**Exercise**. Please write out only the lines from the line with "Georgie Fame SOMEBODY" to the line with "2002. Kazakhstan, Winter", inclusive, exactly as they stand below, without the pictures.
*** Material for this exercise ***
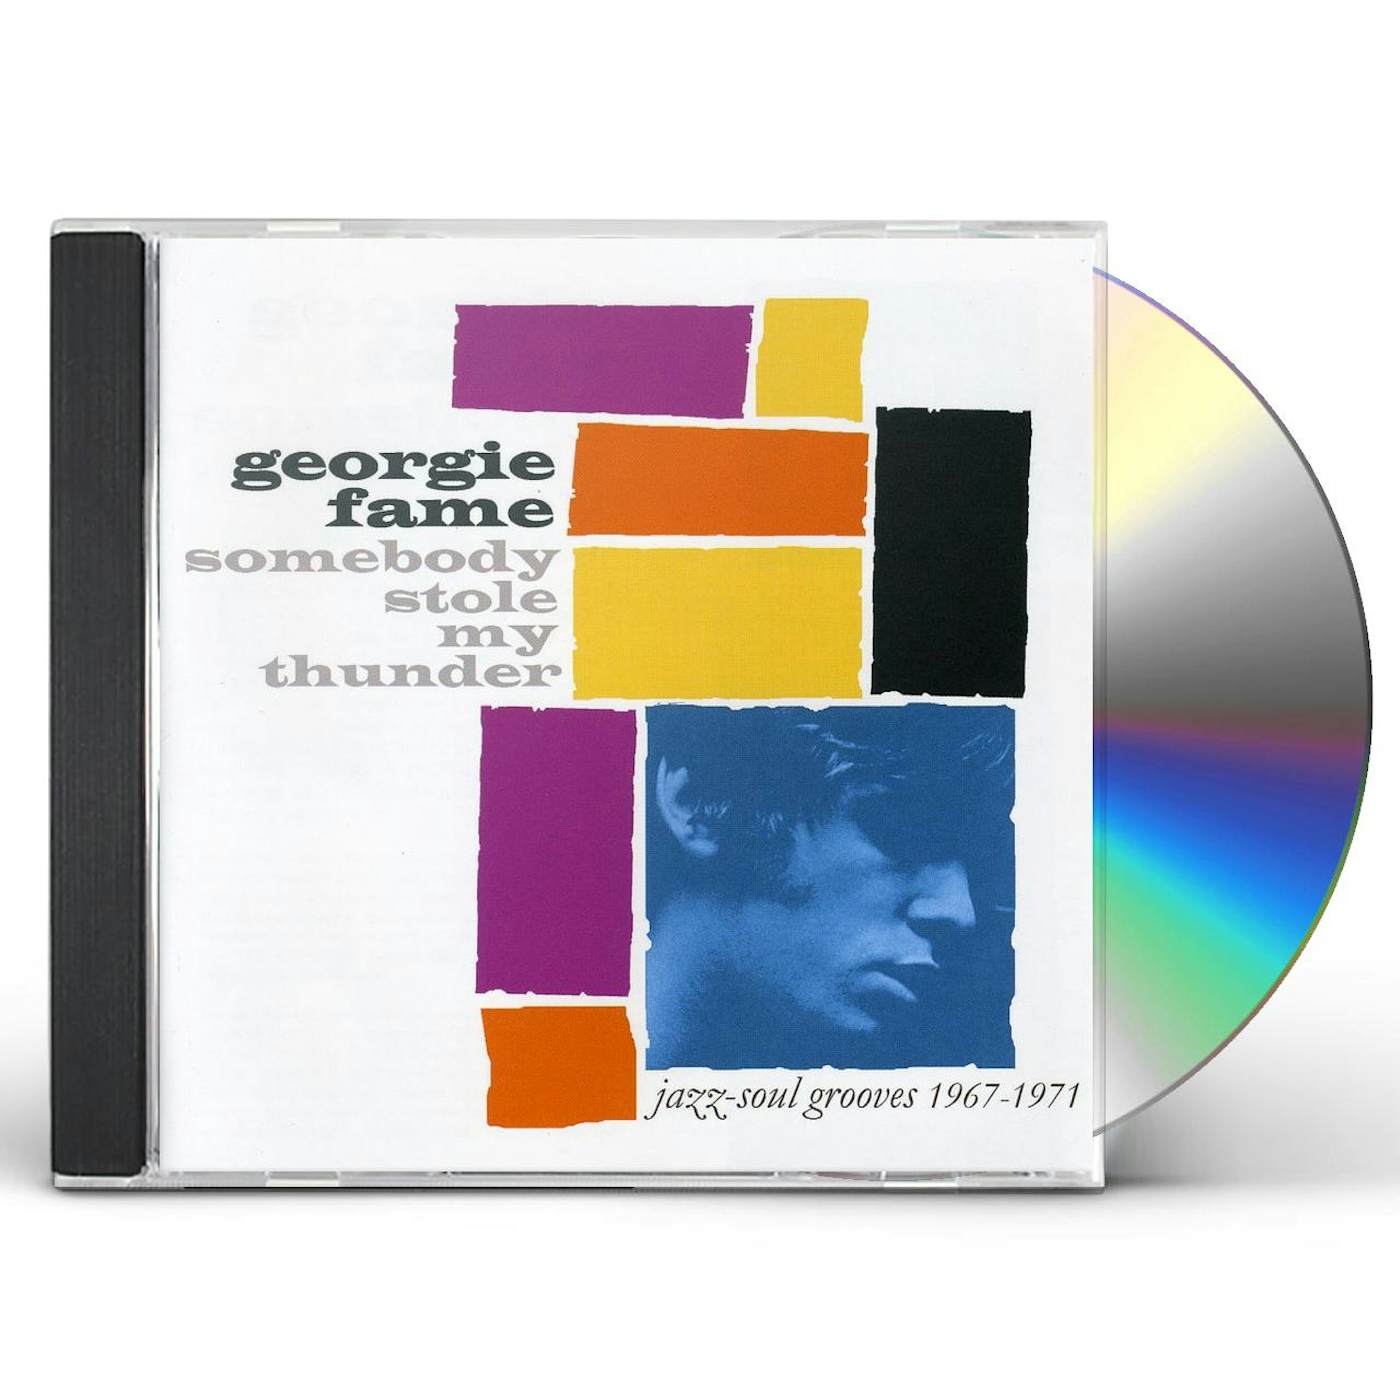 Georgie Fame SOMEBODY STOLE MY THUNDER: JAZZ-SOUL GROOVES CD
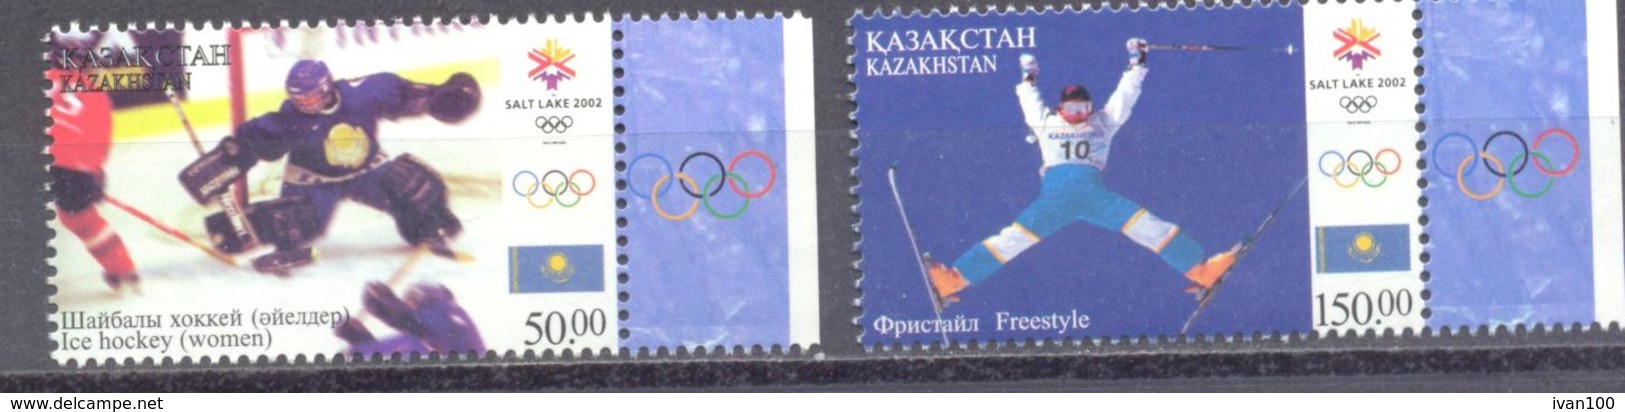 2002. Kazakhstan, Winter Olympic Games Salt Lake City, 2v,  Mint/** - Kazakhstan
*** End of Material for this exercise ***
*** Material for this exercise ***
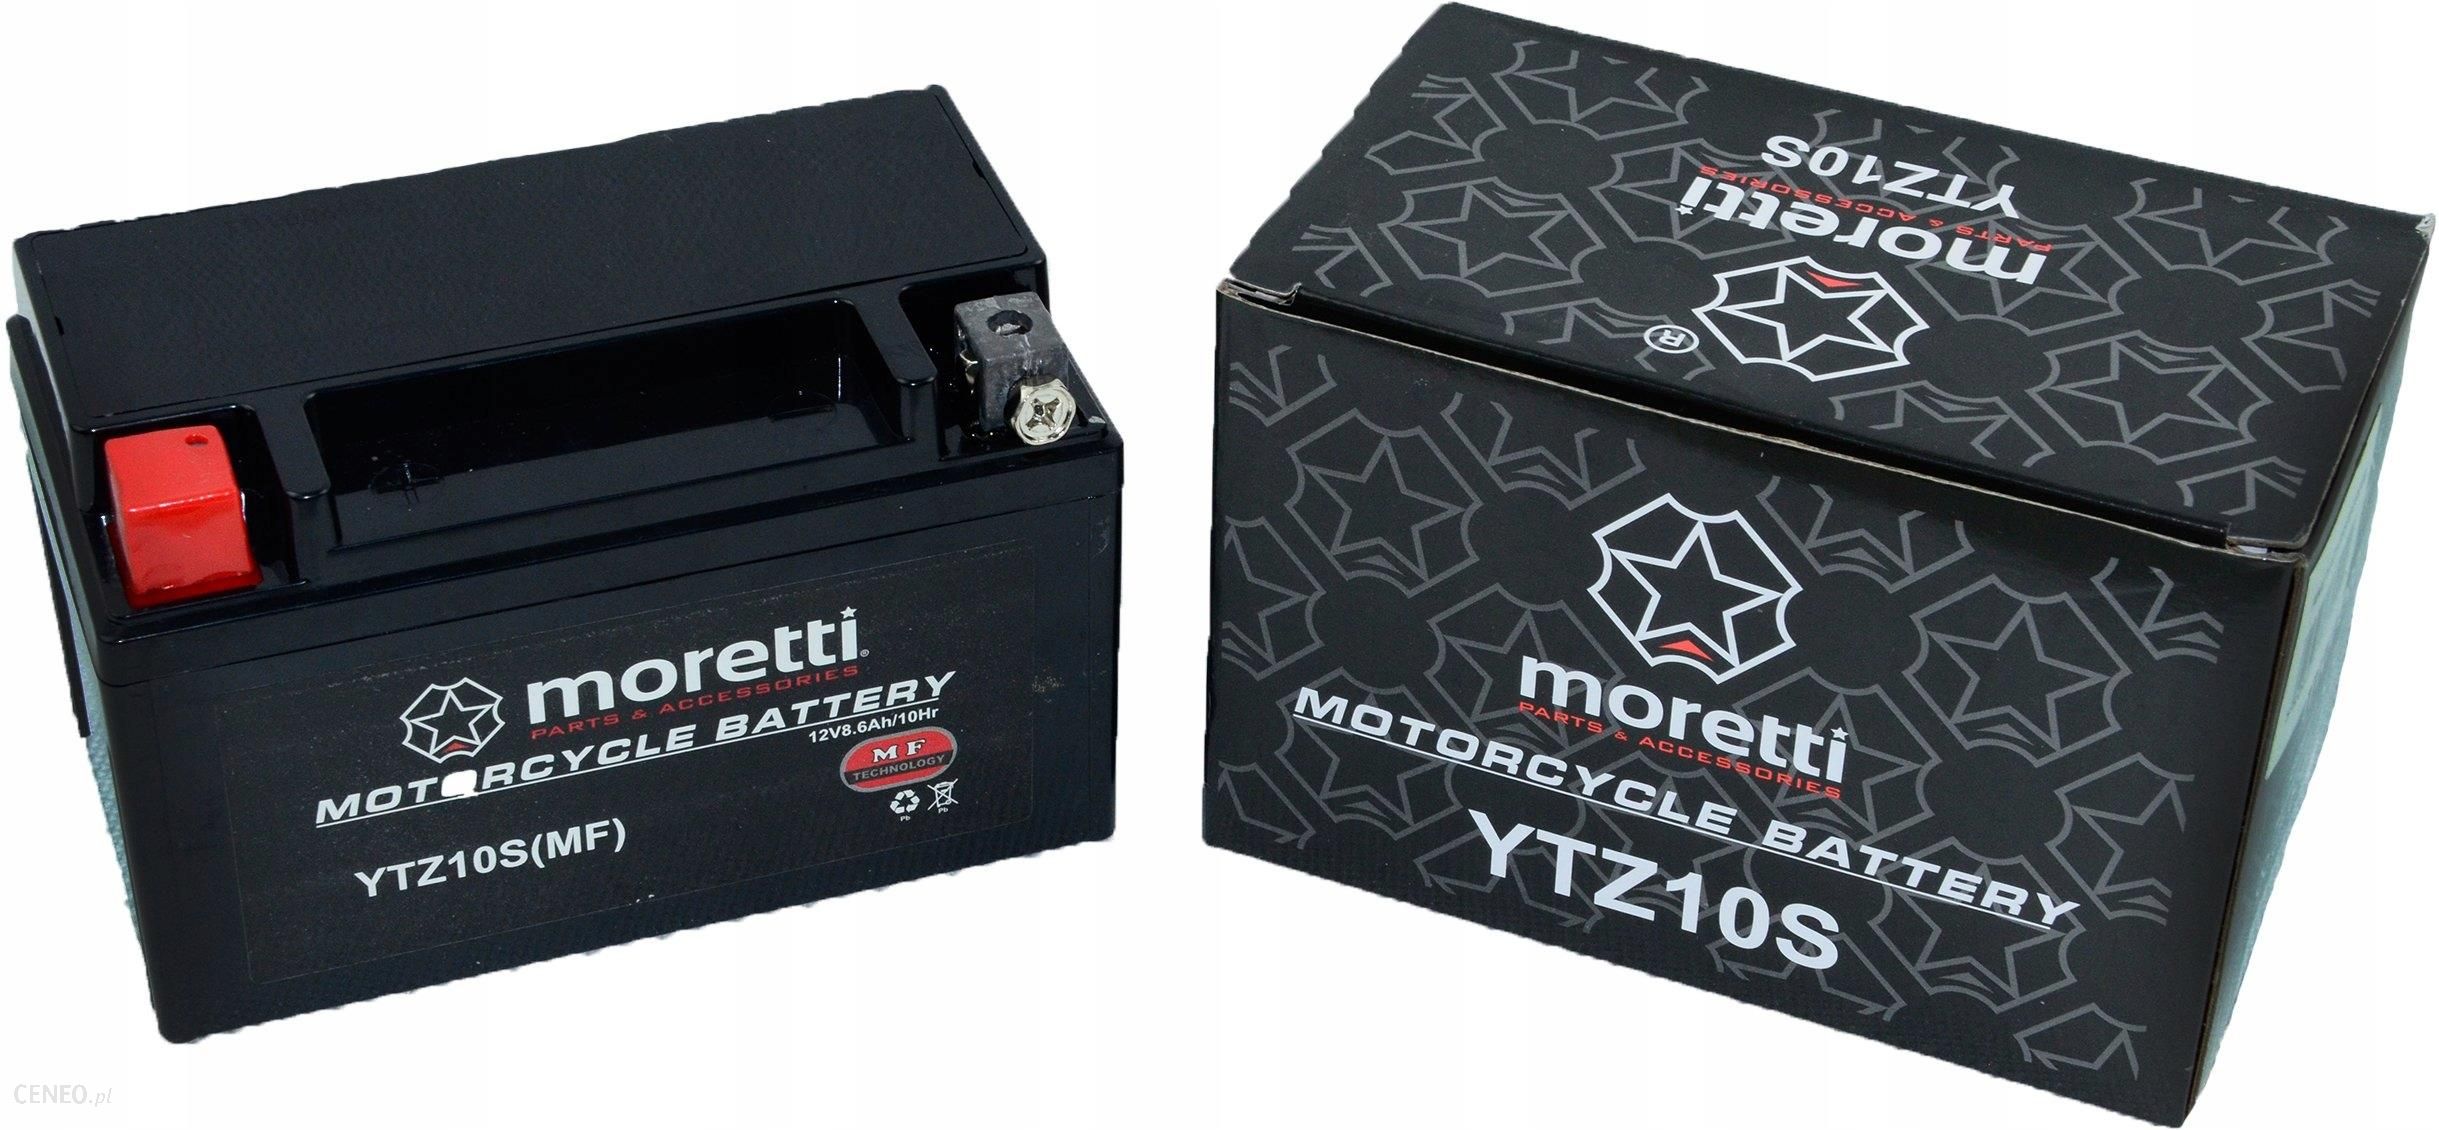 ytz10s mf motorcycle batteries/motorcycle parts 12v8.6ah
*** End of Material for this exercise ***
**Answer space**.
 Georgie Fame SOMEBODY STOLE MY THUNDER: JAZZ-SOUL GROOVES CD
 2002. Kazakhstan, Winter Olympic Games Salt Lake City, 2v,  Mint/** - Kazakhstan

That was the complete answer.